Pada kesempatan itu, Ketua DPD Partai Golkar Sulawesi Tenggara tersebut juga melaporkan perkembangan pembangunan Koperasi Nelayan Merah Putih (KNMP) di Kabupaten Muna Barat.
Ia mengungkapkan, Muna Barat telah memperoleh alokasi pembangunan lima titik KNMP dengan total anggaran sekitar Rp23 miliar.
Meski demikian, Darwin berharap Kementerian Kelautan dan Perikanan dapat menambah alokasi pembangunan KNMP agar jangkauan pelayanan kepada masyarakat pesisir semakin luas.
Menanggapi berbagai usulan tersebut, Wakil Menteri Kelautan dan Perikanan RI, Laksamana TNI (Purn.) Dr. Didit Herdiawan Ashaf, menyatakan pihaknya menyambut baik aspirasi yang disampaikan Pemerintah Kabupaten Muna Barat.

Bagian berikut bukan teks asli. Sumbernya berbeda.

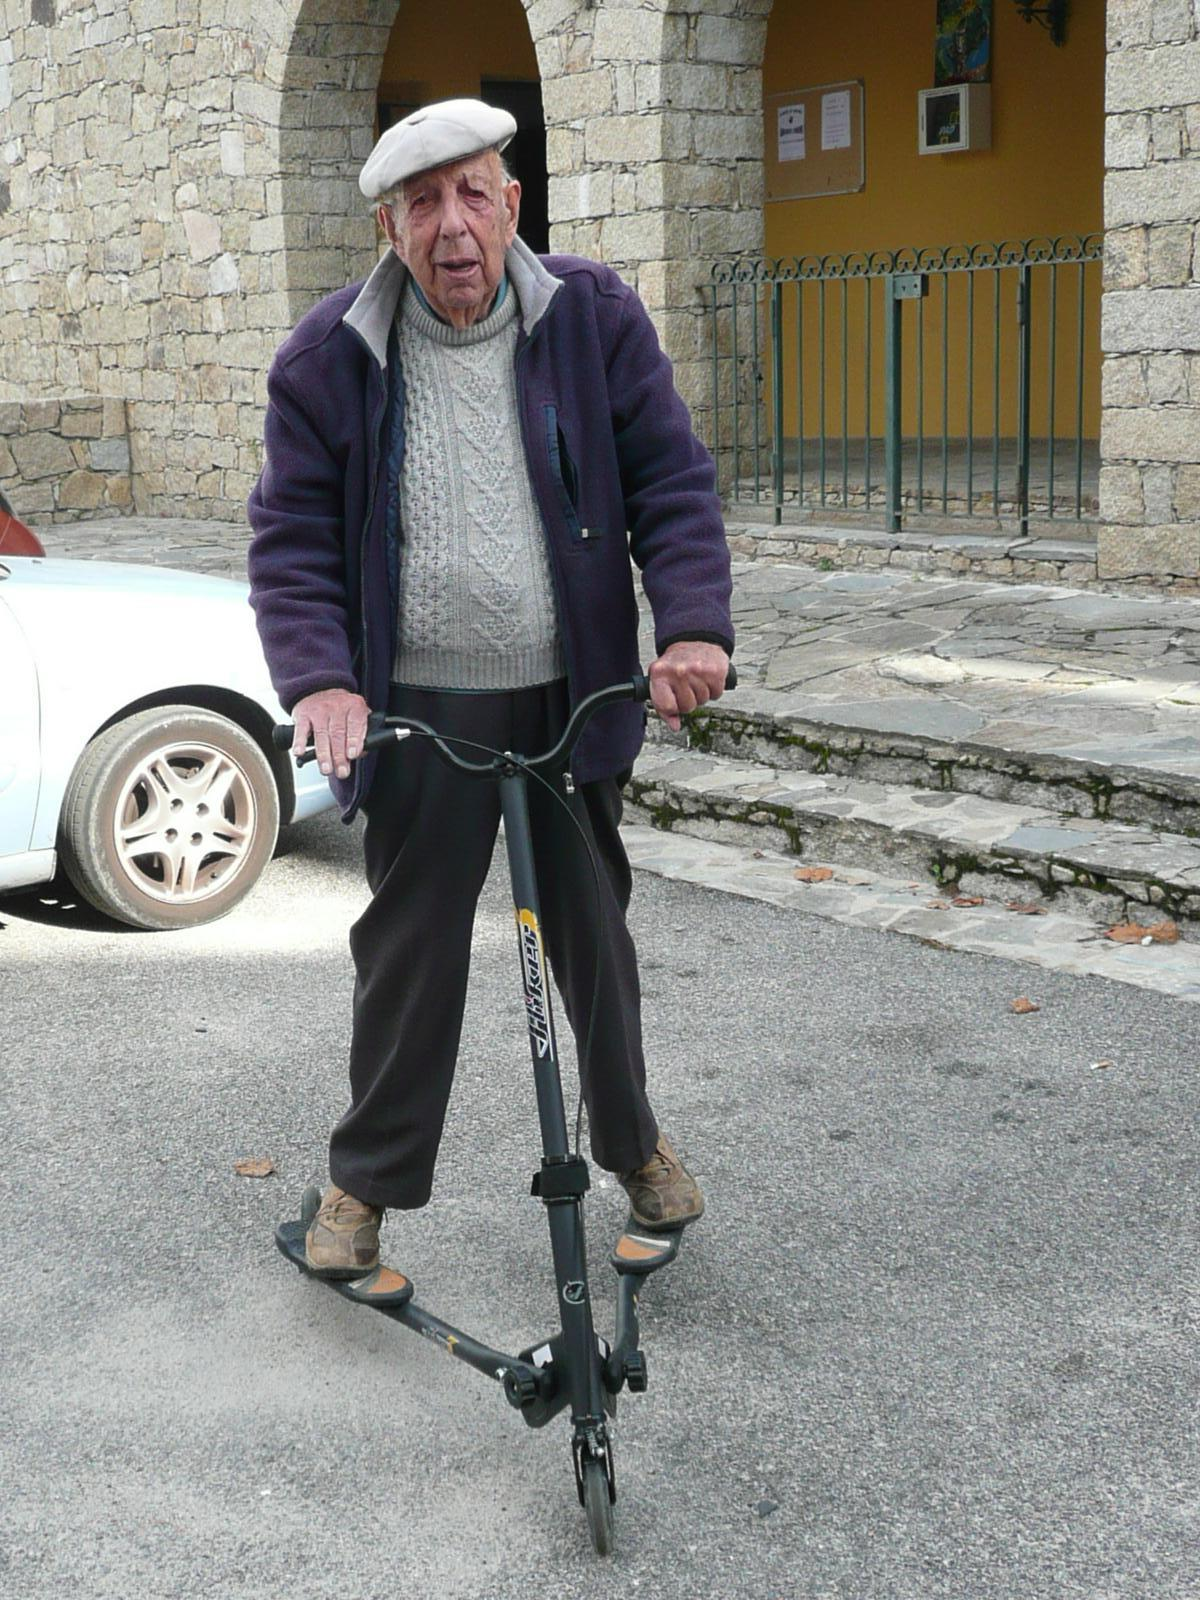 Monsieur de 101 ans. Il n'y a pas d'âge pour le sport !!!

Ia memastikan seluruh usulan akan menjadi perhatian Kementerian Kelautan dan Perikanan, dengan syarat pemerintah daerah segera melengkapi data teknis dan proposal sebagai persyaratan administrasi setiap program.
Didit juga mengungkapkan memiliki kedekatan emosional dengan Kabupaten Muna Barat karena pernah singgah di wilayah tersebut saat masih menjadi perwira muda TNI Angkatan Laut.
“Tahun 1984 saya pernah ke sana. Jadi sama saja saya pulang kampung kalau di sana. Saya pernah menyelam di Pulau Mutiara (Kajuangin). Insya Allah kita akan bantu, yang penting dilengkapi data teknis dan proposalnya,” kata Didit.
Audiensi tersebut menjadi bagian dari langkah berkelanjutan Pemerintah Kabupaten Muna Barat dalam membangun sinergi dengan pemerintah pusat guna menghadirkan program-program strategis yang dapat mempercepat pembangunan sektor kelautan dan perikanan serta meningkatkan kesejahteraan masyarakat pesisir.